▸ Given data

────────────────────

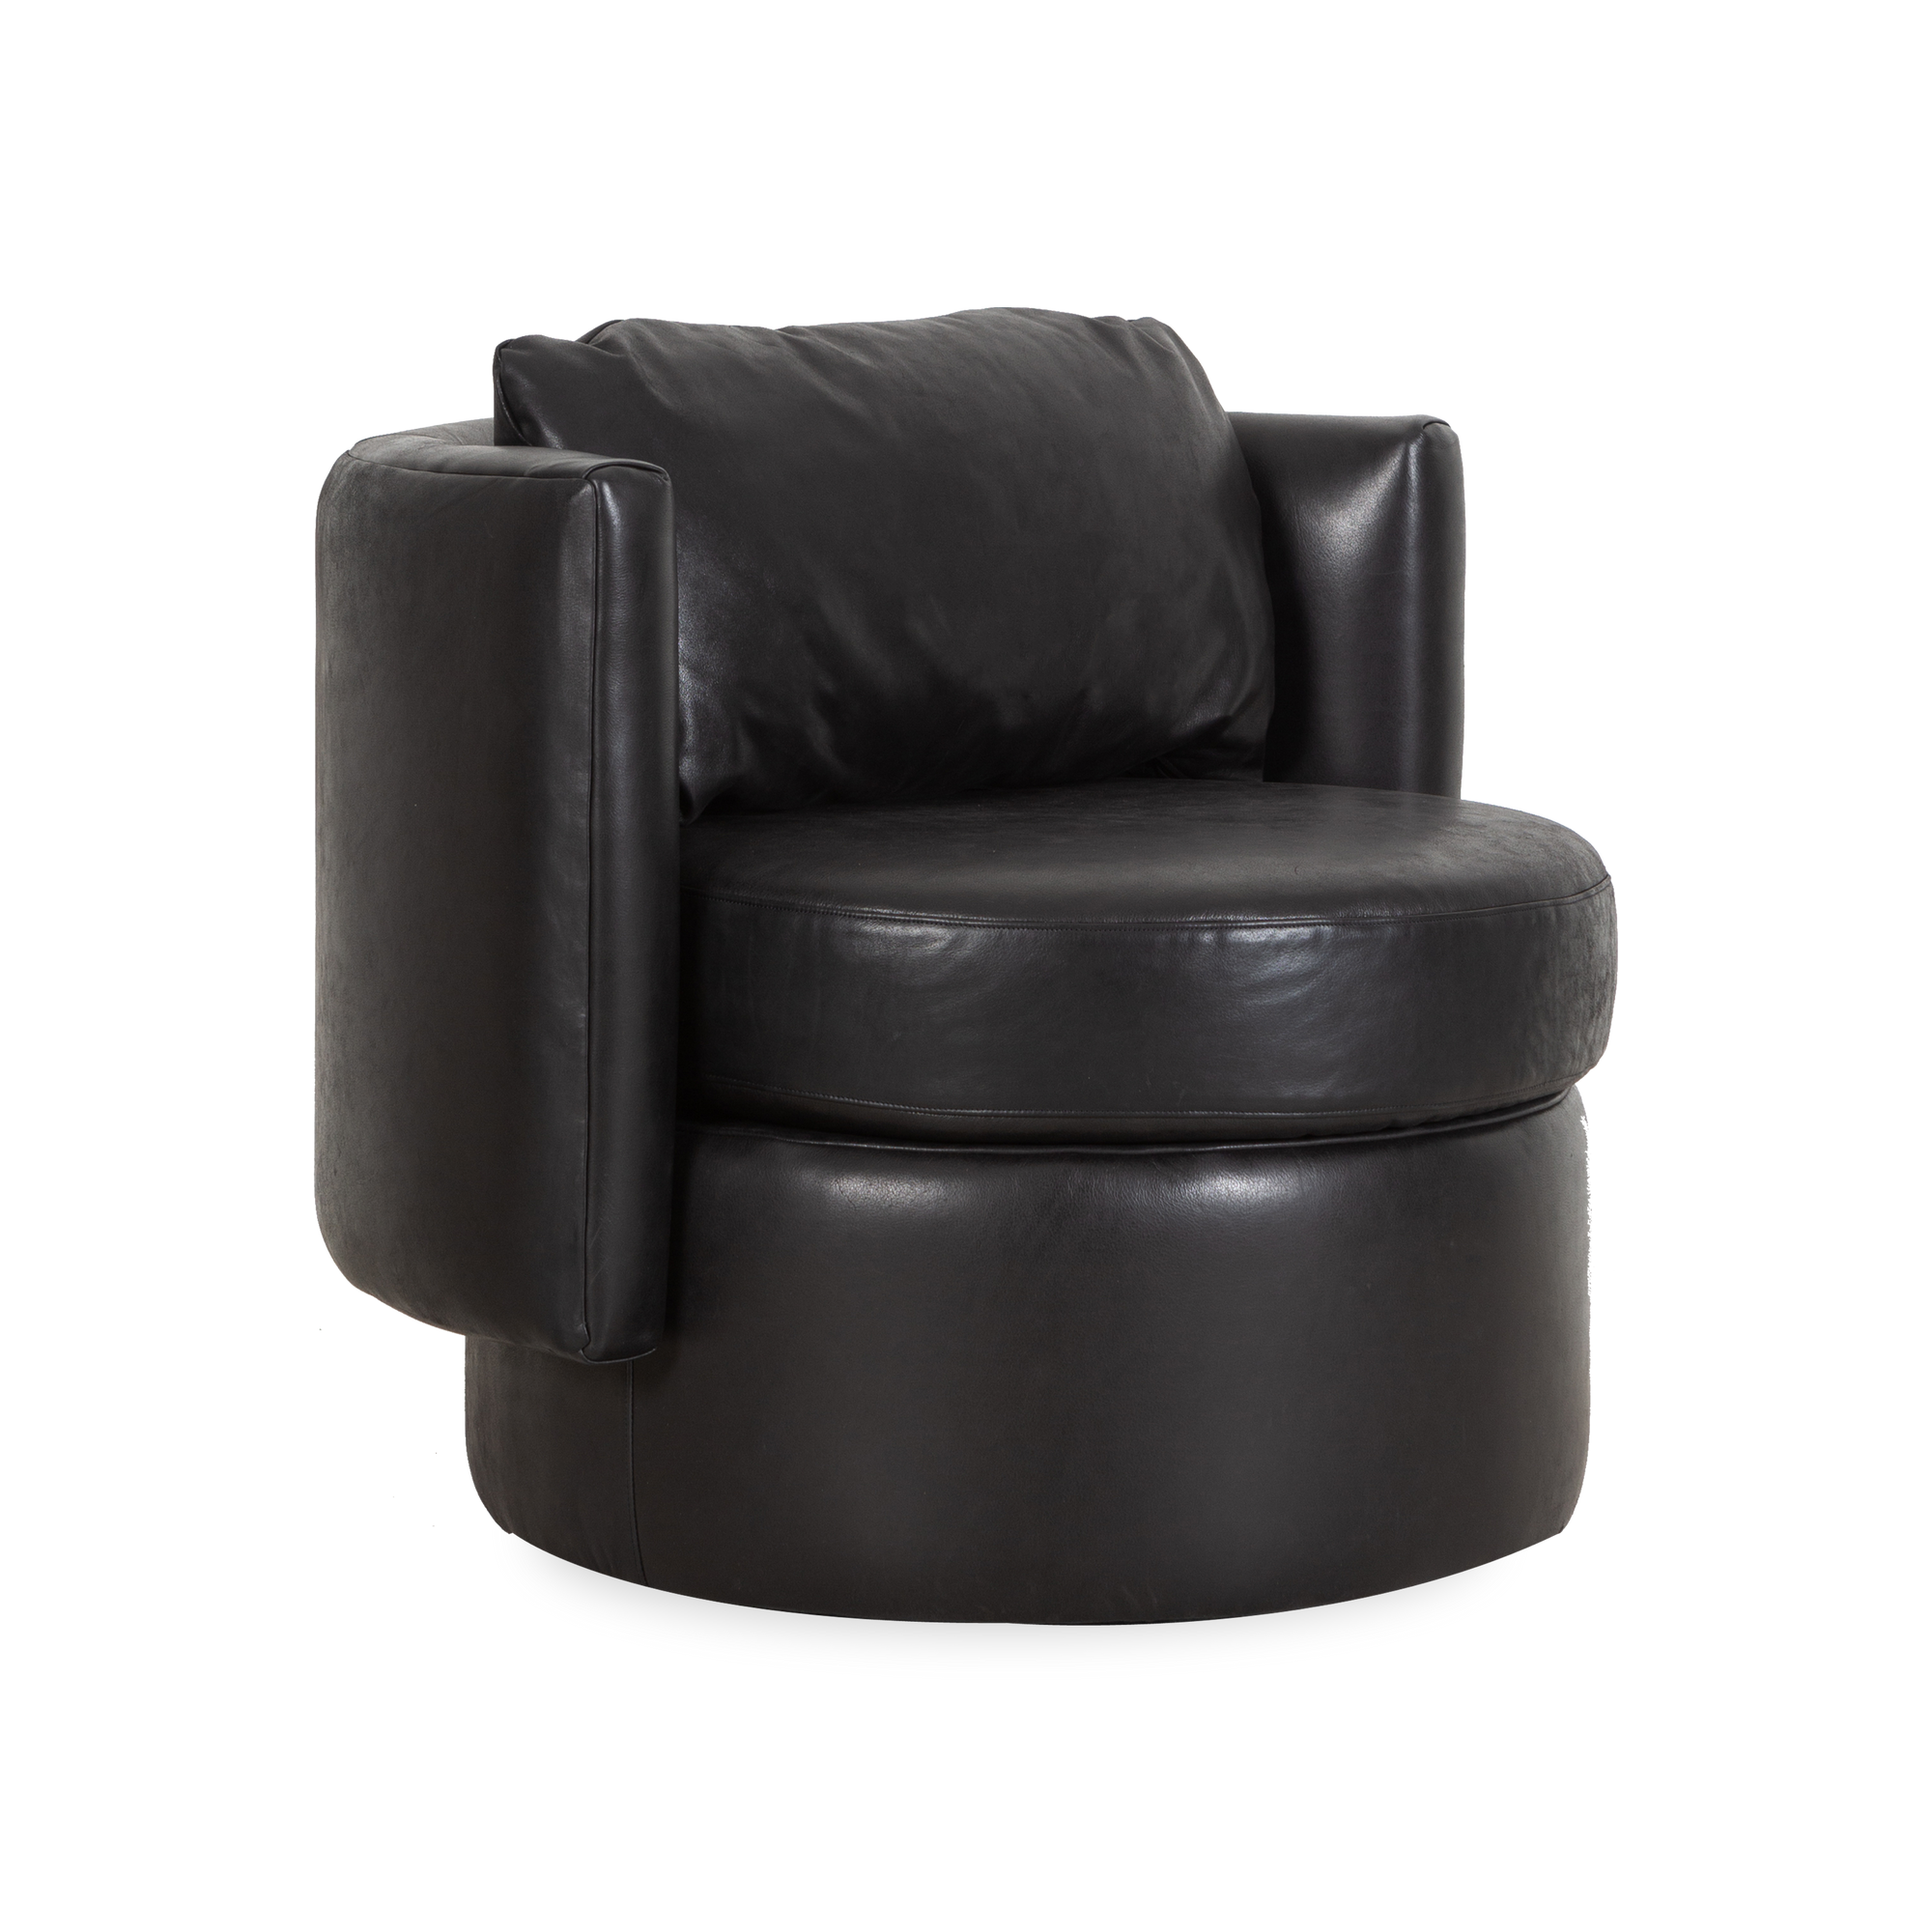 Sculptural and soft, the Artemis Swivel Chair will add an artful touch to your space.
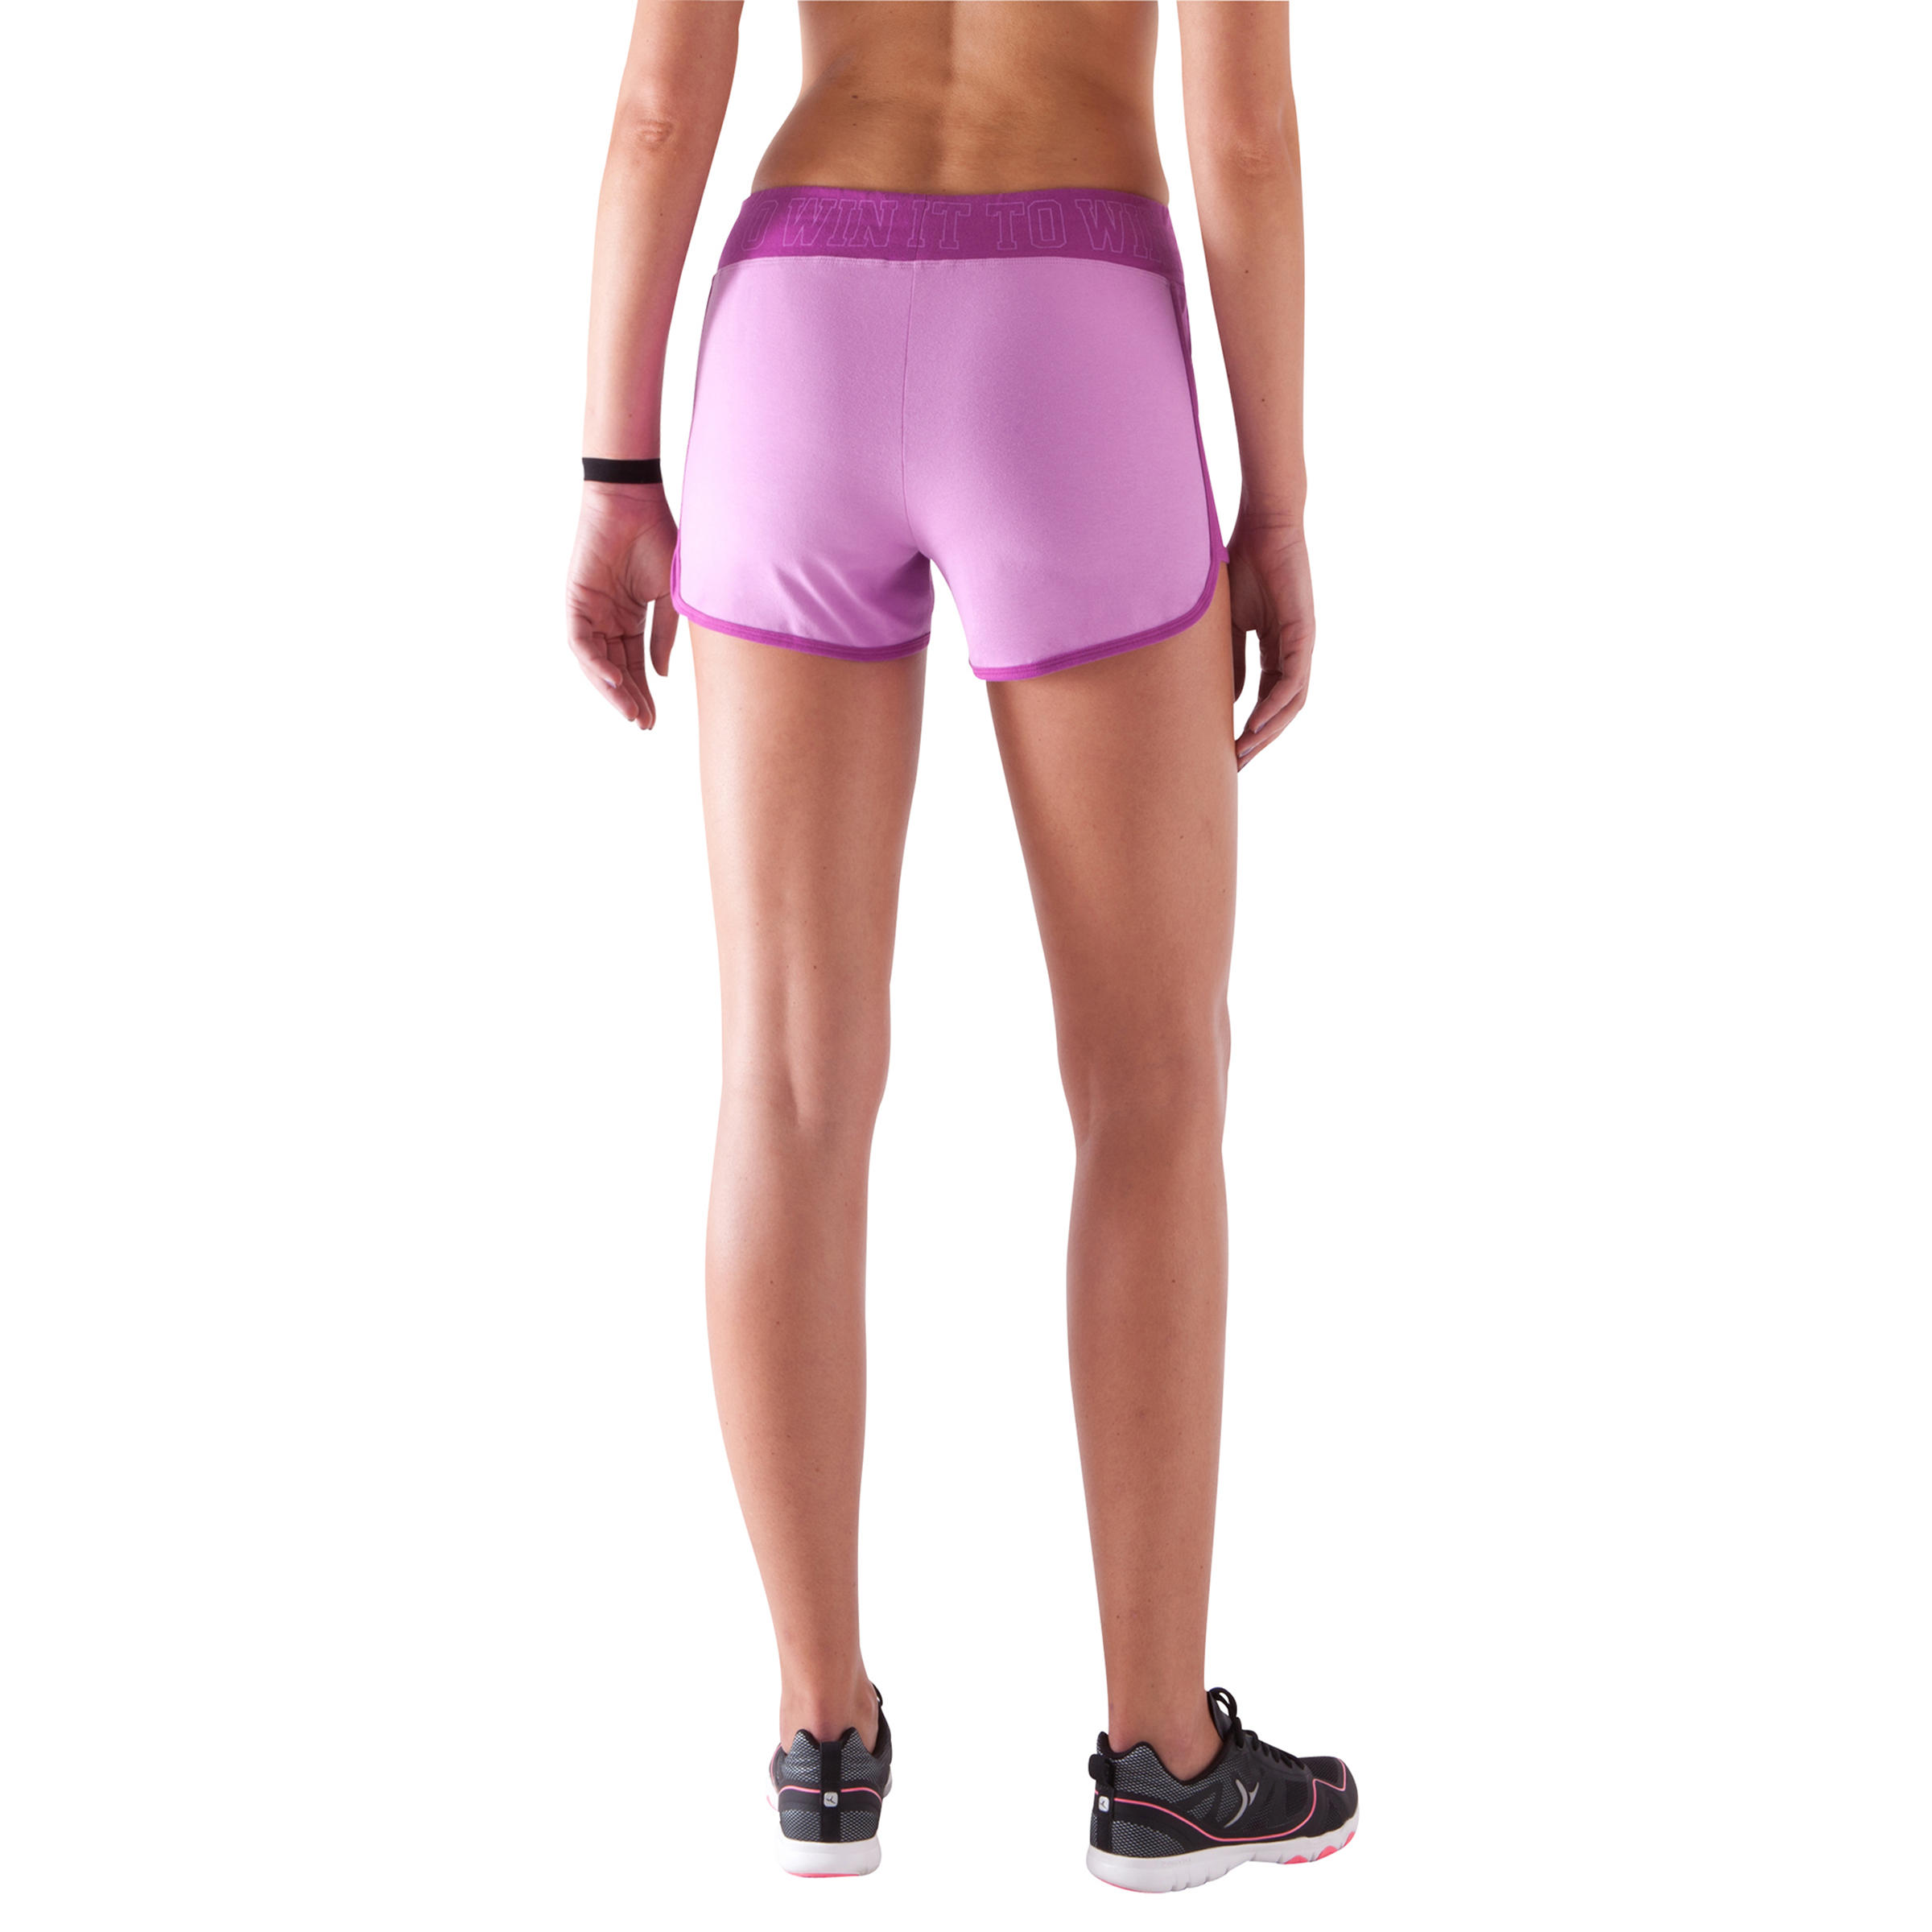 Women's Fitness Shorts with Contrasting Print Waistband - Mauve/Dark Pink 6/11
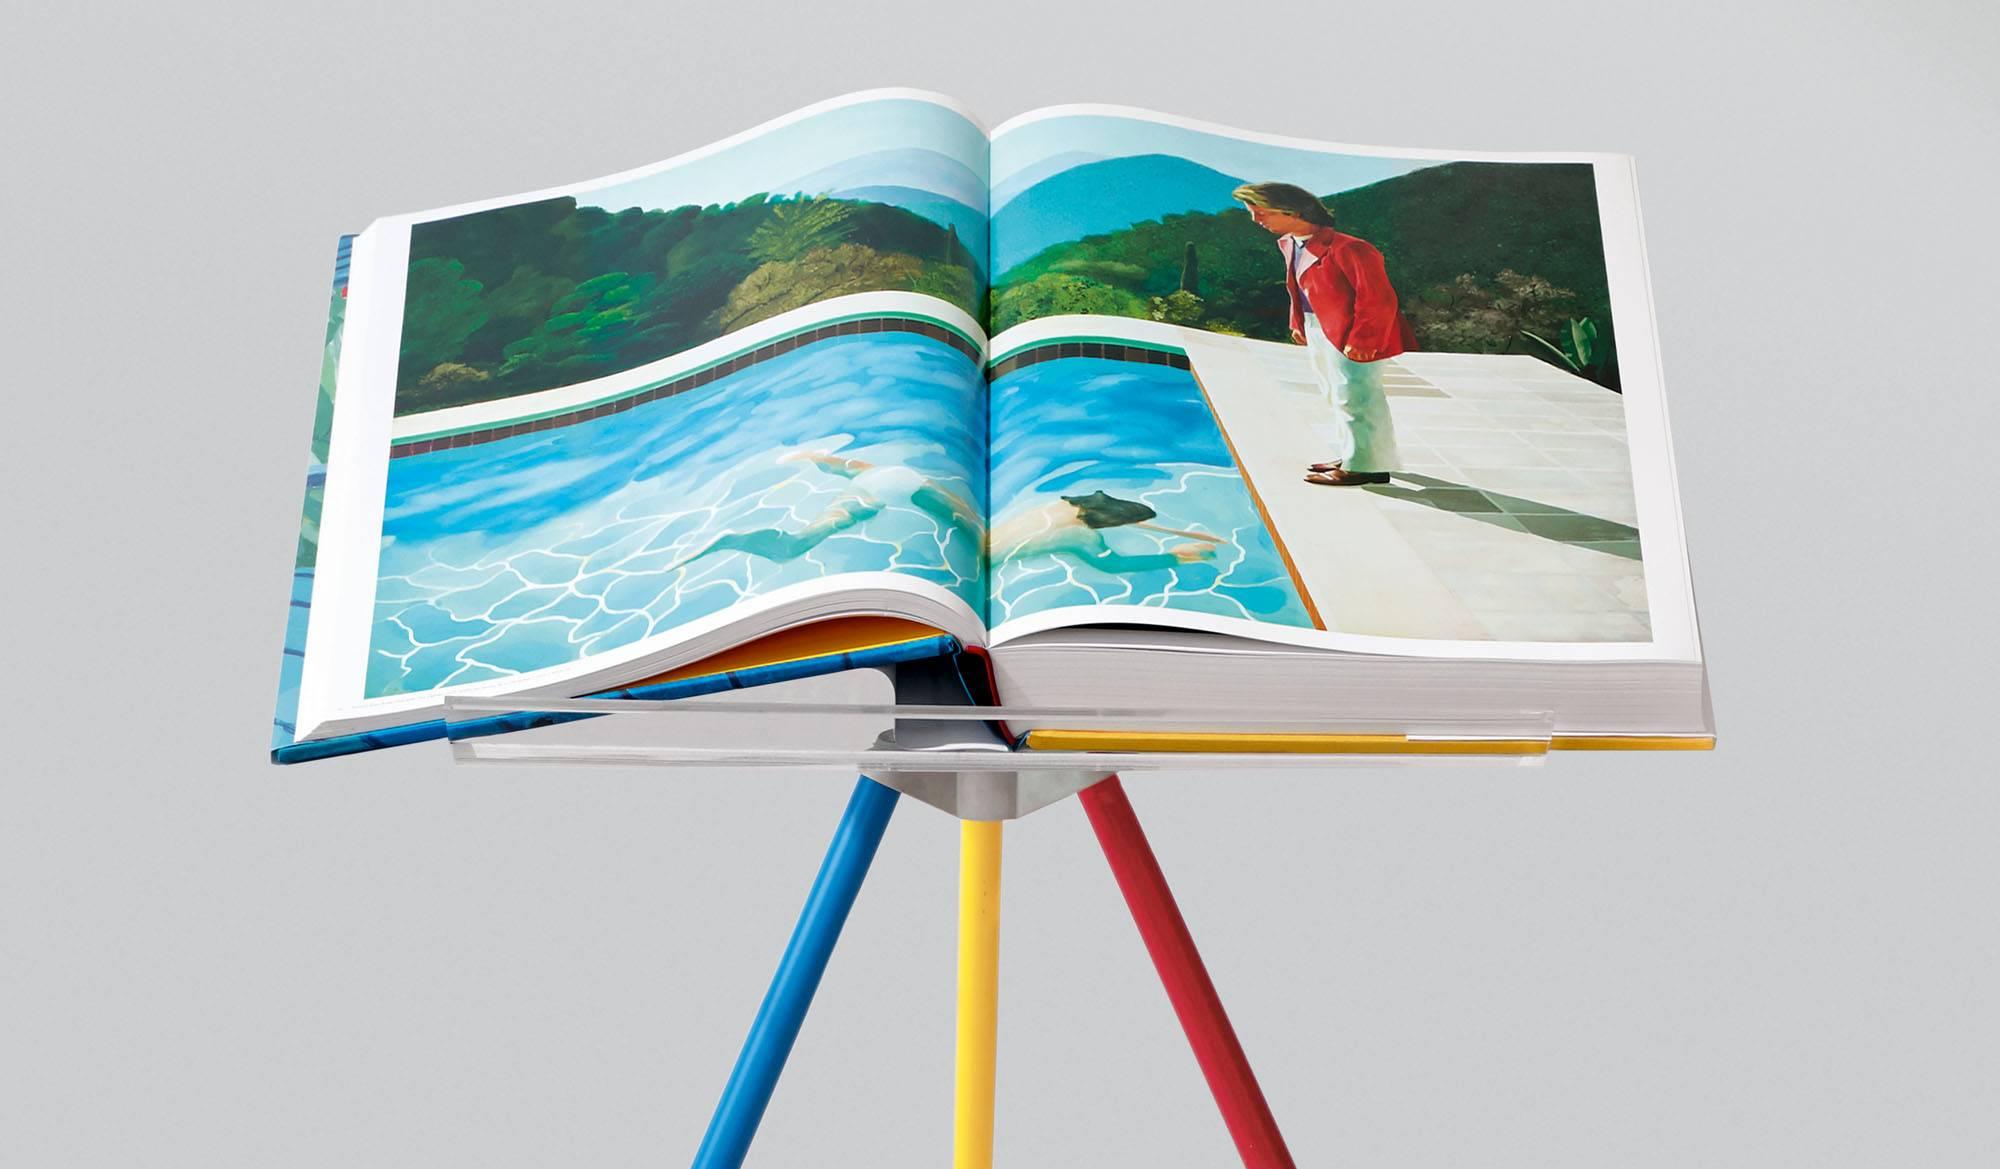 Hardcover, 50 x 70 cm (19.6 x 27.5 in.), 498 pages, 13 fold-outs, with an adjustable bookstand designed by Marc Newson, plus an illustrated 680-page chronology book

A Bigger Book, TASCHEN’s SUMO-sized David Hockney monograph, is as spectacular in

────────────────────

▸ What is being asked
Return all the data above as written, leaving out only the pictures.

▸ Result of this task
 Sculptural and soft, the Artemis Swivel Chair will add an artful touch to your space.
 Women's Fitness Shorts with Contrasting Print Waistband - Mauve/Dark Pink 6/11
 Hardcover, 50 x 70 cm (19.6 x 27.5 in.), 498 pages, 13 fold-outs, with an adjustable bookstand designed by Marc Newson, plus an illustrated 680-page chronology book

A Bigger Book, TASCHEN’s SUMO-sized David Hockney monograph, is as spectacular in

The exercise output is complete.